If you believe you need to be born with a talent or inherit a talent to be successful, you are one step closer to failure. Yet if you realize you can find the talent you need to succeed at anything you wish, you are one step closer to success.
So if talent is not something you are born with, where do you get it?
How did Michael Jordan become the greatest basketball player of all time? What made Luciano Pavarotti such an incredible opera singer? Why is Warren Buffet a brilliant investor?
Are these professionals born with their skills?
The fact is this. Successful athletes, musicians, investors, actors, managers and doctors do not get their skills at birth. They achieve their greatness through hard, intense practice.
Talent Vs. Practice
“In any activity, quite a bit of what passes for ‘talent’ is really just practice.”
“One can train one’s body, one’s eyes, one’s hands and feet until, with practice, they sort of ‘get to know.’ One no longer has to ‘think’ to set up the stove or park the car: one just DOES it.”
“The same principle applies to crafts and professions which mainly use the mind. The lawyer who has not drilled, drilled, drilled on courtroom procedure may not have learned to shift his mental gears fast enough to counter new turns of a case and loses it. An undrilled new stockbroker could lose a fortune in minutes. A green salesman who has not rehearsed selling can starve for lack of sales.
“The right answer is to practice, practice and practice!” — L. Ron Hubbard from The Way to Happiness
Examples
Winston Churchill, one of the world’s greatest speakers, practiced his speeches compulsively, over and over.
Michael Jordan was cut from his high school team which proves his talent was not natural. After he was cut, he practiced his basketball moves for more hours every day than anyone else in the game. He then became the best basketball player of all time.
Pop music’s superstar singer and composer Ed Sheeran says he practiced singing for 30,000 hours, starting on the side of roads.
Even though she earns up to $1M per year as one of the world’s best concert pianists, Yuja Wang still practices 2-3 hours per day. She might practice an entire concerto in that time, or just one page of a difficult piece, over and over, in those daily practice sessions. As a result, she plays faster, more beautifully and more accurately than anyone else.
The best writers, actors, surgeons, managers, programmers, artists, politicians, dentists, musicians, chefs, pilots and electricians all become the best through hours and hours and hours of practice. And their practice is intense.
For example, hitting a bucket of golf balls for fun is not practice, which is why most golfers don’t improve. As Tiger Woods proved, practice means you hit 300 balls, with the same club, with the goal of dropping the ball within 20 feet of the same spot. And you do this every day.
For an accomplished musician, like Adele, practice means you play or sing the same piece of music 1000 times, each time slightly better than the last, until you make people cry during a performance.
For an artist, like Monet, practice means you paint the same flower 300 times until people gasp when they look at it.
For an author, like Earnest Hemmingway, practice means you re-write the same book at least 100 times until your readers can’t put it down.
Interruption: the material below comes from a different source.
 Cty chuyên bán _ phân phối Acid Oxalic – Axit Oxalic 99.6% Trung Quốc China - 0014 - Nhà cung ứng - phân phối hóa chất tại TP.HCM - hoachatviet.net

Role-playing or drilling is how you practice to become a great lawyer, a great doctor or a great speaker. Much of this practice can be done with a coach, as well as on the job.
To succeed as a manager, you need to spend many hours bringing out the best performance possible from each of your employees. For example, sales managers should practice with their sales people. “I’ll pretend I’m afraid to buy a new car and you sell it to me anyway. Here we go. ‘Oh, I’m just too nervous to buy this car . . . .'” The more practicing the sales managers conduct, the more cars they sell.
Every skill can be practiced and improved: negotiating business deals, explaining financial statements, giving speeches, desiging a logo, driving race cars, using computers, writing reports, teaching students, managing money, fixing engines, writing apps, building houses, everything.
No one is born with talent. Yet with practice, everyone, including you, can become talented at anything!
Recommendations
1. Write down a talent you wish to gain.
2. Break down the talent into all of its skills. Make a thorough list.
For example, to be a great soccer player, you need to master 50 different types of kicks. To be a great accountant, you need to master math, financial laws and accounting software as well as many people skills. You might have a list of 100 individual skills.
3. Work out how to practice each individual skill. Some skills you can practice on your own while others require study or research or a coach to help you master the skill.
4. Practice for as many hours as you can stand, each day, until each skill is perfect and you gain the talent you desire. If you get work done while you practice a skill, even better!
5. Every time you fail at something, look at it as mere practice. Turn the loss into an opportunity. Which of your skills need more work?
6. Constantly improve your skills. Everyone has room for improvement.
As a result of your constant improvement, you will gain all the skills and talent you need to succeed.